Strategies for future-proofing workforce

Organizations are trying different strategies to develop flexibility and adaptability within their cooperation to tackle the problems of AI integration in their workforce. The study shows that the needs of 92% of the senior executives will be the ones that will require a flexible workforce within the next two years. Employers are now gradually shifting to building sectoral talent pools, which is the application of skills-based hiring principles, being open to utilizing online platforms for hiring, and enhancing the adoption of the contingent workforce to face the skill shortage.

Another reason using part-time workers is strategically advantageous is that it is a great source of bringing in people with specialized digital skills that are important in this era and certified by 79% of the top-level executives.

Mutual partnerships for future work markets are needed

Denis Pennel, the Managing Director of the WEC, stresses the need for the role of the three actors to have a successful transition adaptation process. The “Work We Want” campaign acts as a platform that speeds up the discussions to deal with contemporary issues and benefits all the actors in the job market.

Automation’s tremendous influences highlight why human resource management is needed to create more agility for the workforce, where the human resource services industry is number one in overcoming the skills and talent deficits augmented by digitalization.
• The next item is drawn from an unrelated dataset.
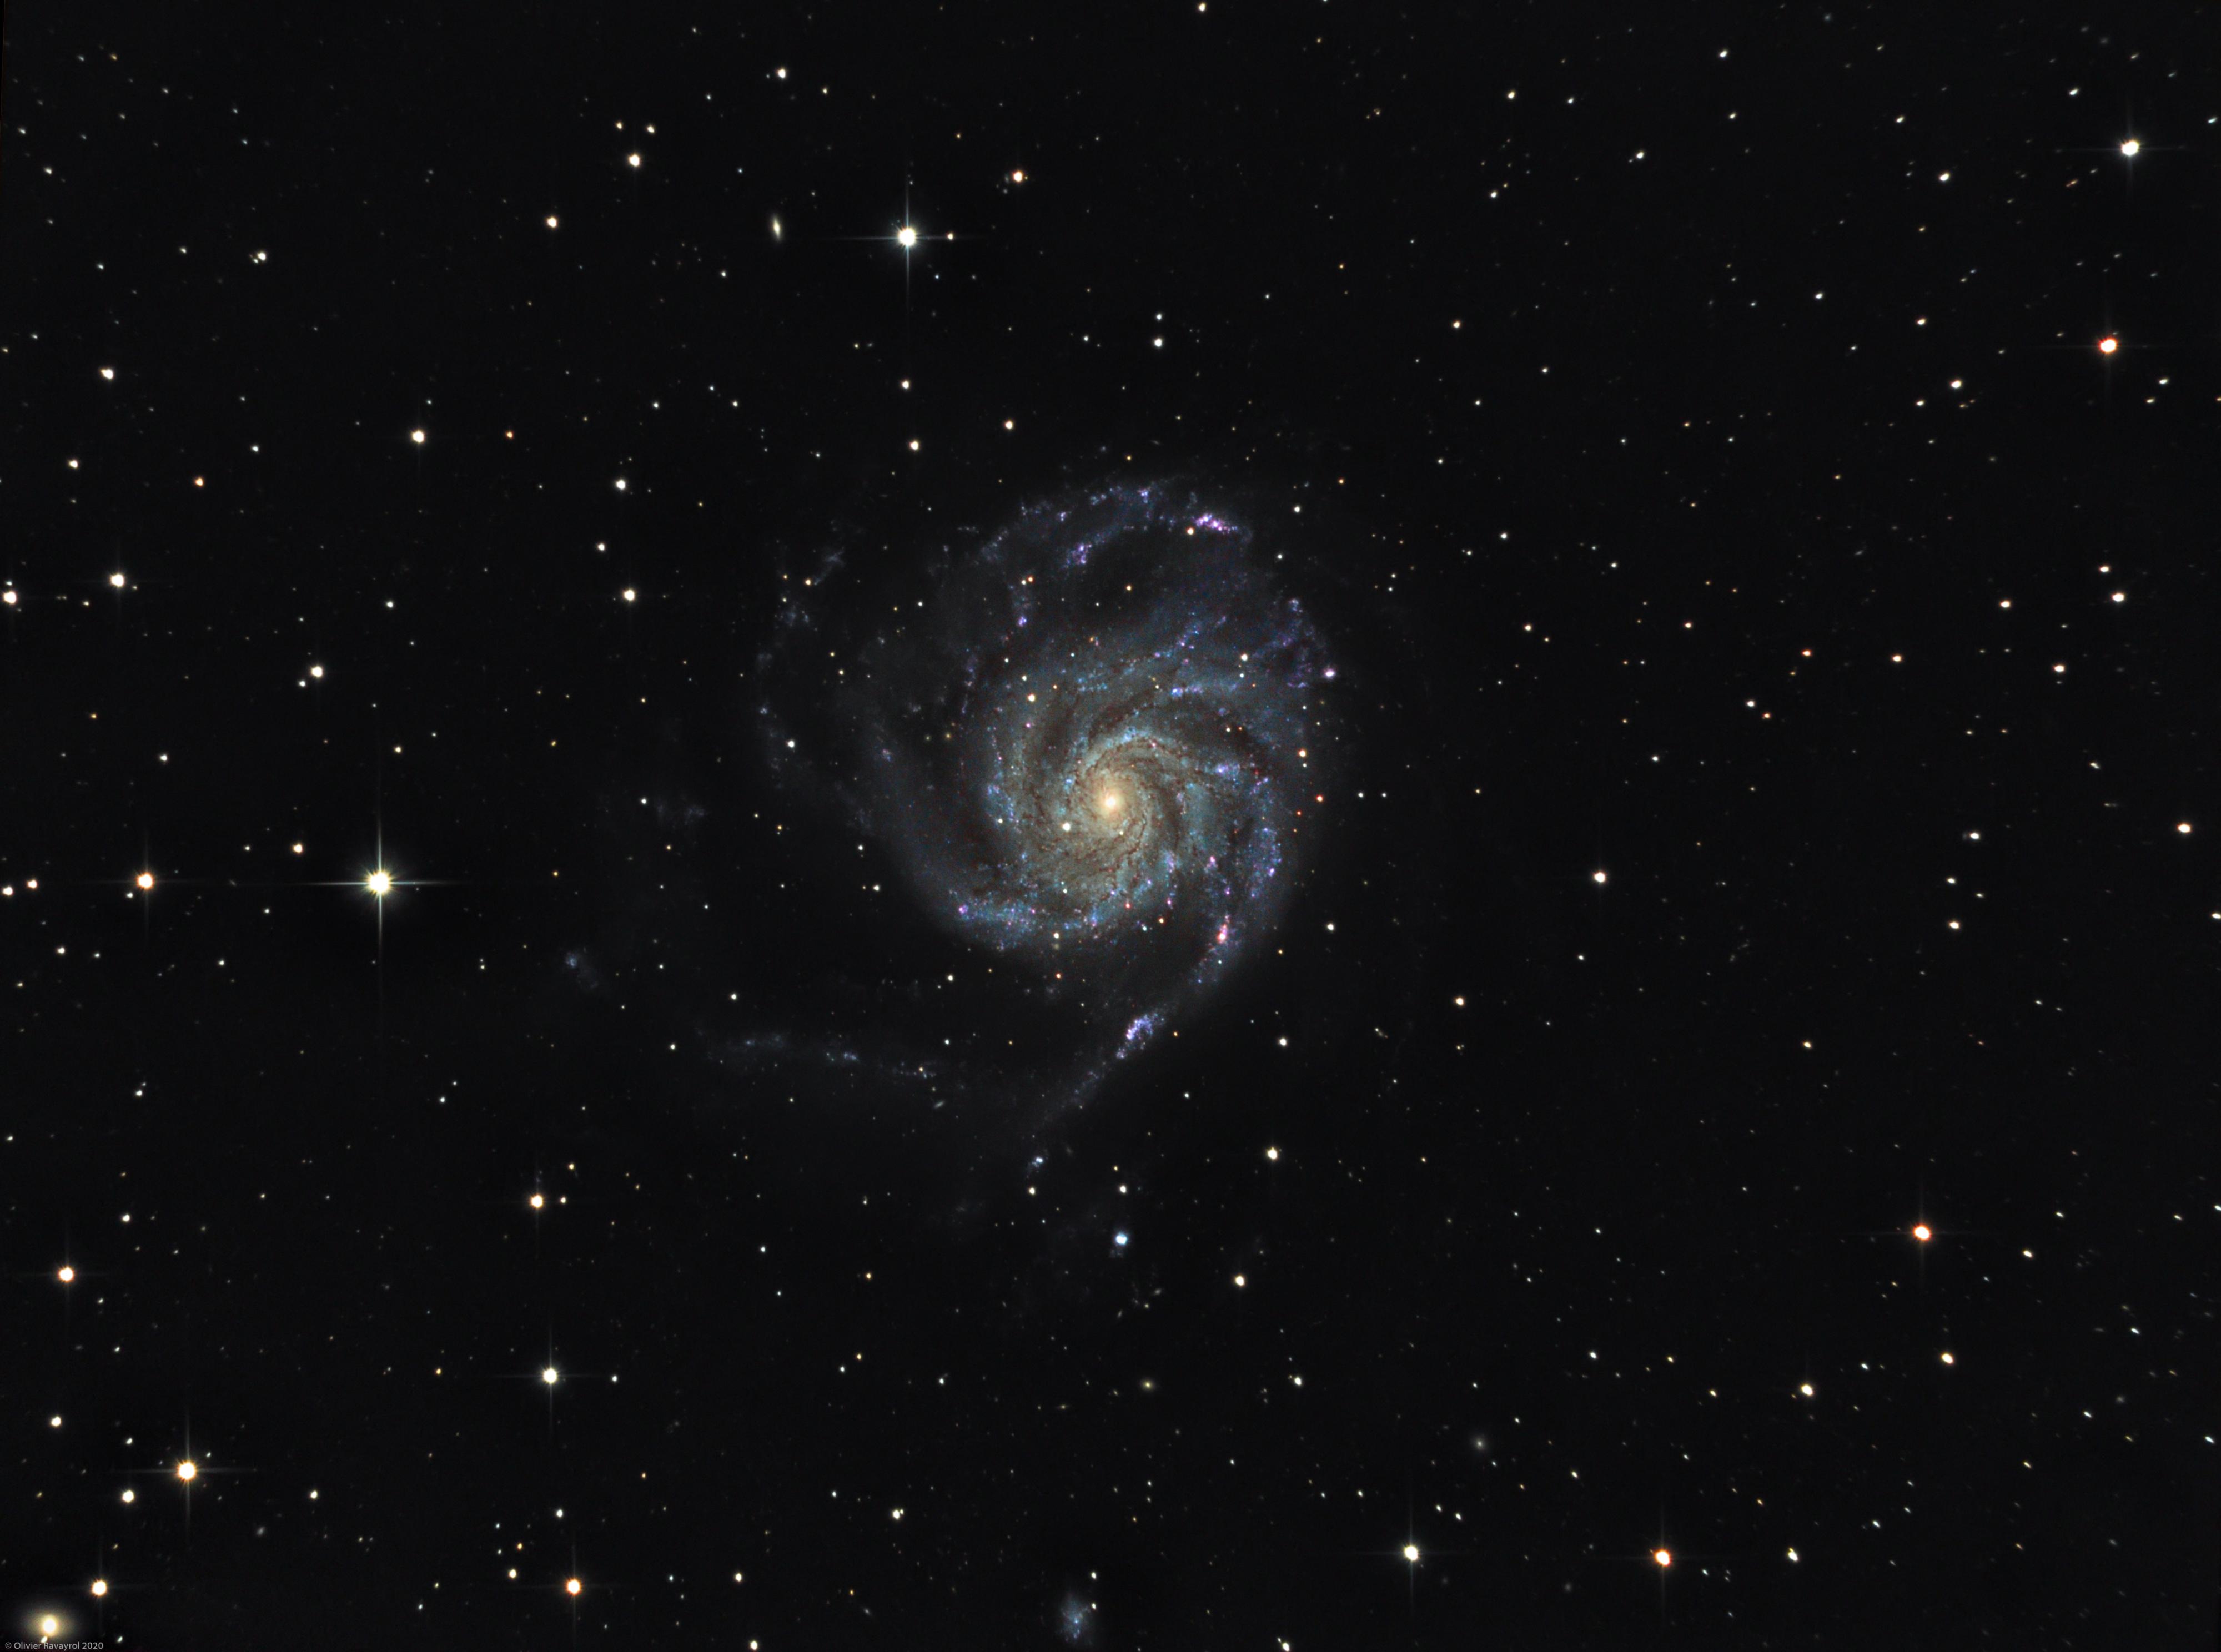 La galaxie du Moulinet (M101)

The priority for the WEC is to deliver people’s options and develop inclusive labor market policies that employ the legislative driving of related issues and sustainable development in the sector.

As AI remolds the job lines, the organizations become the mobilizers of reskilling and upskilling platforms that prepare their people to be armed with the needed skills. An organization can deal successfully with the constantly changing market through openness to diversity and agility, the creation of direct contacts, and innovative applications.

The results of the “Work We Want” research indicate, thus, the need for preventive measures to promote workforce development to meet the AI-induced skills gap and ensure stable working in the digital era.

The World Employment Confederation pledges to continue its work. It requires making a labor market possible based on inclusion and encouraging collaboration among all the stakeholders who can make a better upward movement of work rather than downward.